In any event, the G19 will retail for somewhere between $500-550.  That's half your budget and you still need a holster (a good one), magazine carrier, ammo (a fucktonne of it) and most importantly training.  

A good kydex holster and mag pouch from someplace like Raven Concealment will run you about $150ish depending on what you buy.  Do not buy cheap crap.

1000 rounds of 9mm practice ammo should be around $230-250.  Throw in another $60 or so for 100 rounds of carry ammo (46 to carry on you; 50 to test fire and get a feel for).  .45 ACP and .40S&W rounds will cost much more.  And if a 1000 rounds seems a lot, understand many of us shoot that much in a week.  Some of us blow through it in a day.  Practice, practice, practice...

Despite the jokes you'll hear about tactical tupperware, there is nothing at all wrong with a Glock (or M&P).  Both have killed plenty of bad guys and defended many a citizen, lawman, and soldier.  Pick what feels best in your hand, get trained, and shoot the shit out of it.


----------



## x SF med (May 21, 2015)

policemedic said:


> Pick what feels best in your hand, get trained, and shoot the shit out of it.


What he said, is also what I said.


----------



## amorris127289 (May 21, 2015)

My grand pa, who was a state trooper and passed away the day I was born, left me his s&w 38 special.
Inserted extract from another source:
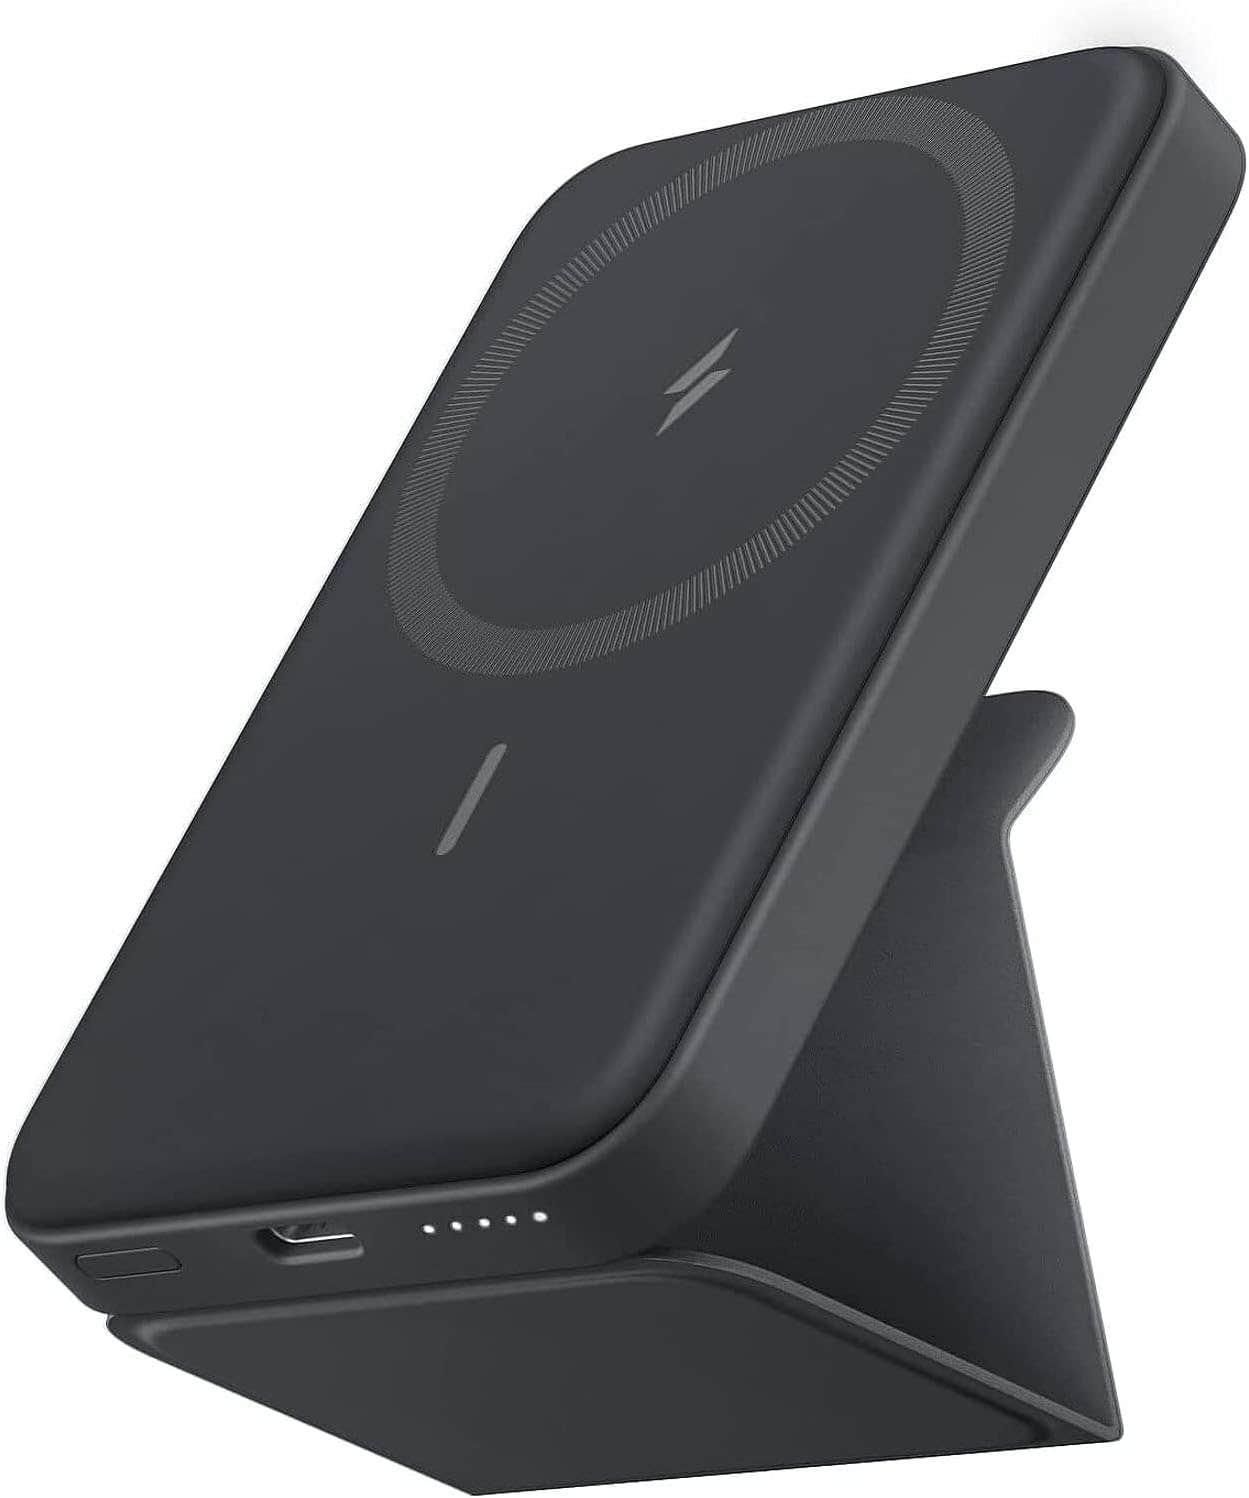 Get Lanex LP18 Mini Magnetic Wireless Power Bank, 5000 mAh, Type C - Black with best offers | Raneen.com

Heading to the range to learn.


----------



## pardus (May 21, 2015)

amorris127289 said:


> My grand pa, who was a state trooper and passed away the day I was born, left me his s&w 38 special. Heading to the range to learn.



That is something to treasure.


----------



## Etype (May 26, 2015)

I think you should  get a Desert E! Them shits is hot!!!


----------



## Blizzard (May 27, 2015)

Etype said:


> I think you should  get a Desert E! Them shits is hot!!!


Yeah , but yous gotta hold it right. 

Like this:


----------



## amorris127289 (May 27, 2015)

Blizzard said:


> Yeah , but yous gotta hold it right.
> 
> Like this:
> 
> View attachment 13436









I thought this was a better way to hold it?


----------



## x SF med (May 27, 2015)

Why would anyone except a competitive long range pistol shooter scope a hand gun? 

Hey bad guy hold still while I get a good eye relief and scope view....  Thanks!:wall::wall:


----------



## amorris127289 (May 27, 2015)

x SF med said:


> Why would anyone except a competitive long range pistol shooter scope a hand gun?
> 
> Hey bad guy hold still while I get a good eye relief and scope view....  Thanks!:wall::wall:


I am assuming that is a .22 pistol? I posted it thinking about the videos I have seen, with a higher caliber gun, where once the trigger is squeezed the next sound you here is the gun smacking against the shooters face. I believe the action is best portrayed by these following smileys. 
 before= during=  after=:blkeye:


----------